A titre d’exemple, l’IDHB rappelle qu’après l’arrestation de l’avocate de Sahabo, Sandra Ndayizeye, par le Service des Renseignements burundais, le procureur a accusé l’avocate notamment de parler au nom de son client, lui privant ainsi de son droit le plus absolu, et qui ne constitue pas pourtant une infraction, comme le déclare toujours l’IDHB.
De même, l’IDHB fait savoir que d’autres avocats impliqués dans l’affaire ont reçu des menaces anonymes, les incitants à retirer leur contrat avec les principaux actionnaires de l’hôpital, après que Sandra Ndayizeye a révoqué les services qui le liaient à son client, le Dr Christophe Sahabo. Les spécialistes de l’organisation internationale IDHB dénoncent également le silence strictement exigée par le procureur à Sandra Ndayizeye, à Étienne Sahabo ainsi qu’à Joseph Bakanibona, en échange de la liberté provisoire offerte par ce magistrat a ces détenus le 7 octobre.
L’IDHB s’inquiète qu’après tout ce qui s’est passé, d’autres avocats pourraient hésiter à prendre en charge le dossier du Dr Sahabo, portant ainsi atteinte à son droit à la défense et à désigner un avocat de son choix.

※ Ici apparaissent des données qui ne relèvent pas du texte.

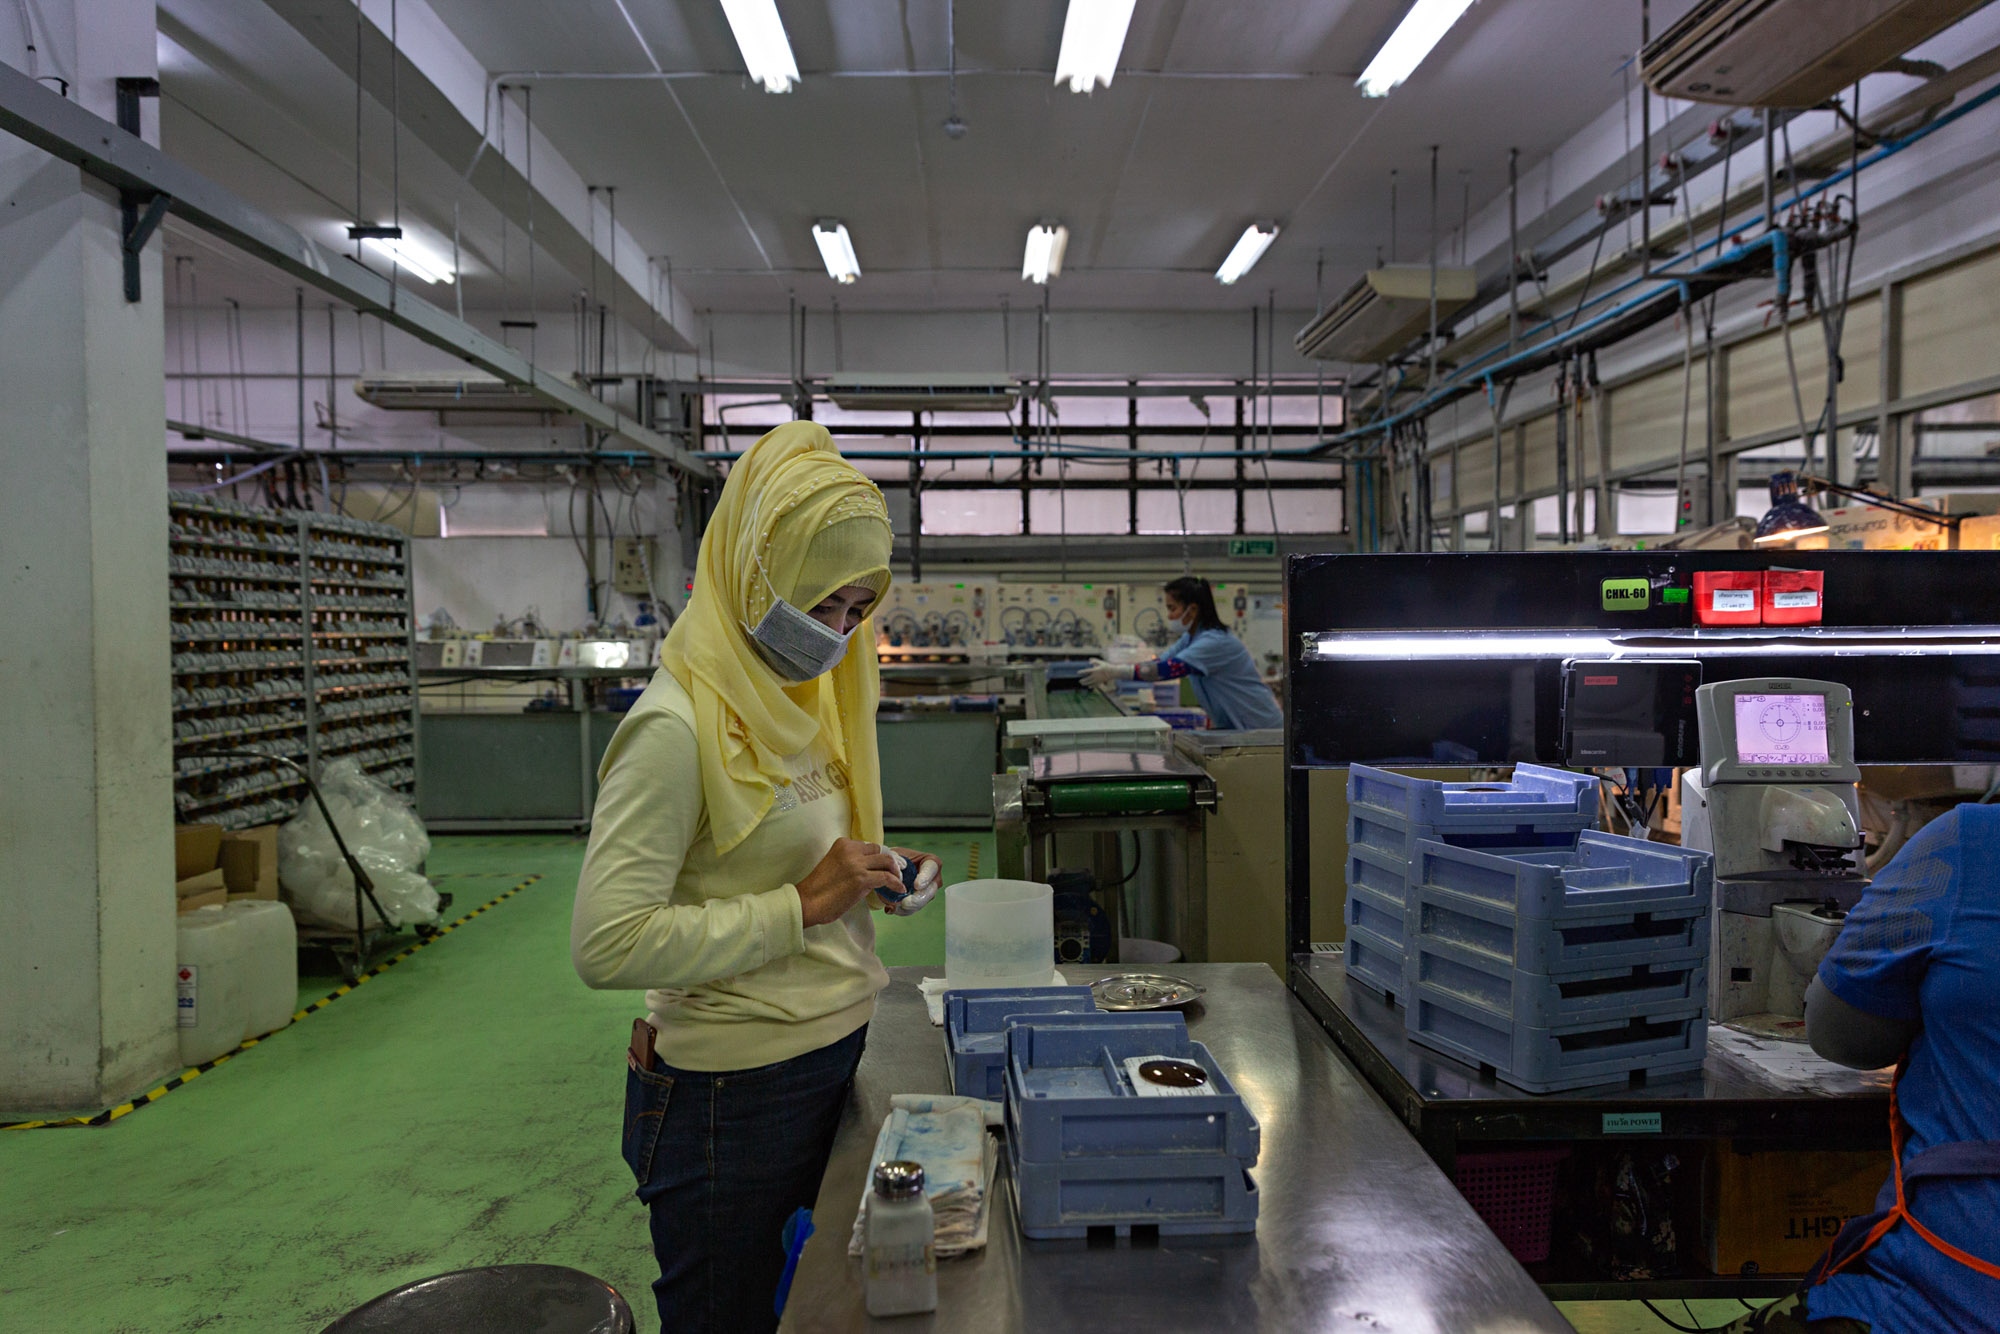 Thailand Glasses Factory: Stern - An employee checks lenses before sending them along the...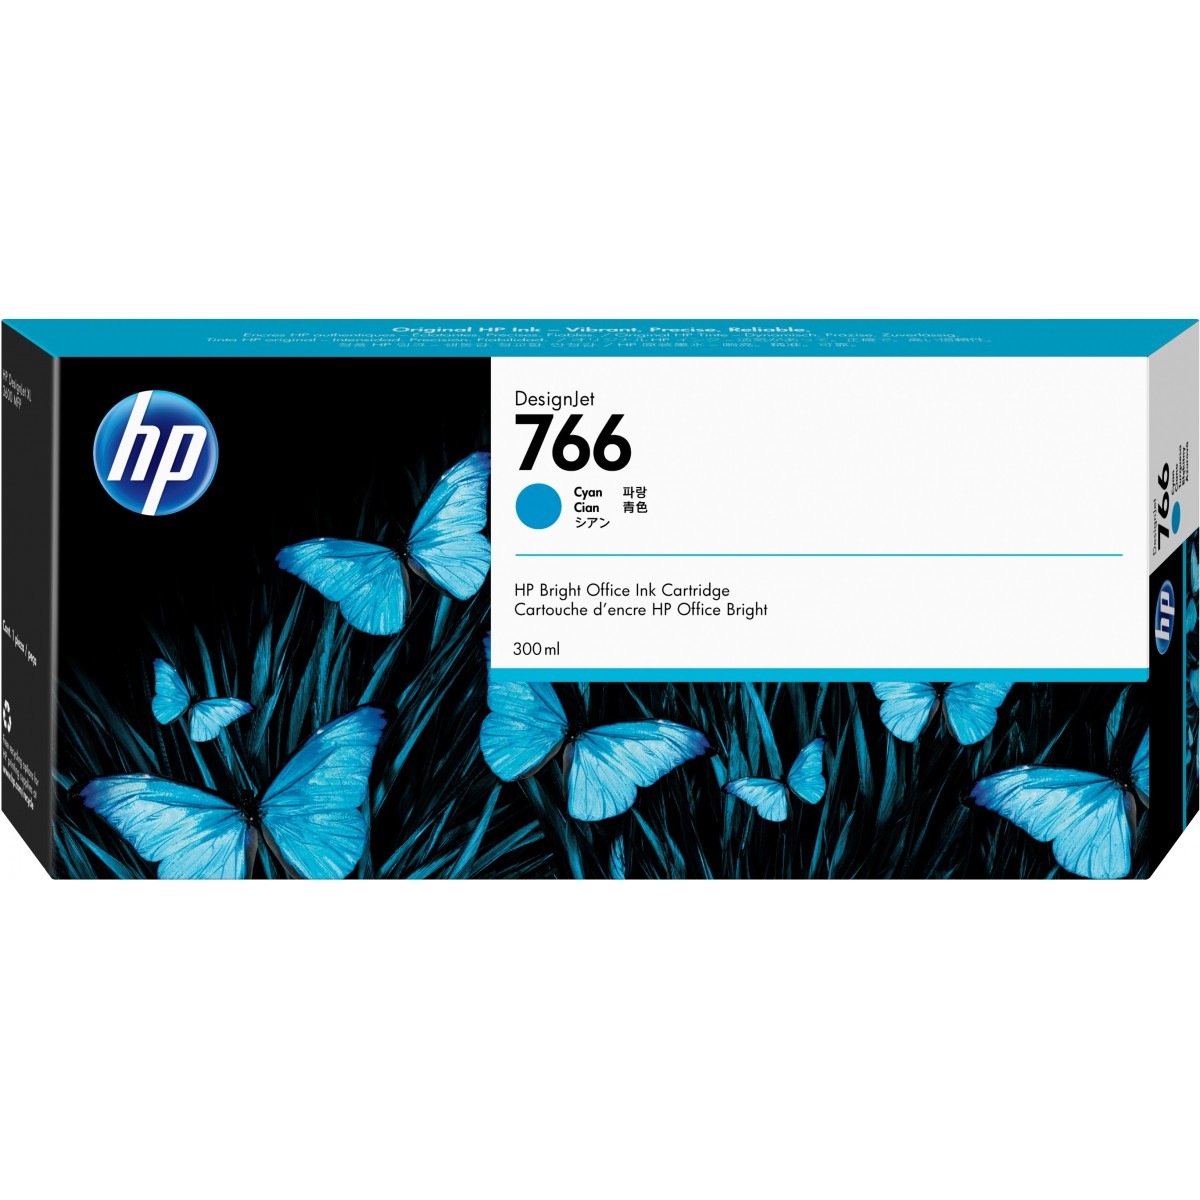 HP 766 - Original - Dye-based ink - Cyan - HP - HP DesignJet XL 3600 - 1 pc(s)

En définitive, les spécialistes œuvrant au sein de l’IDHB ainsi que différents observateurs concertés par cette organisation se demandent si Evariste Ndayishimiye devrait continuer à protéger les puissants responsables de l’Etat impliqués dans les violations de la loi qui ont caractérisé le dossier du Dr Christophe Sahabo.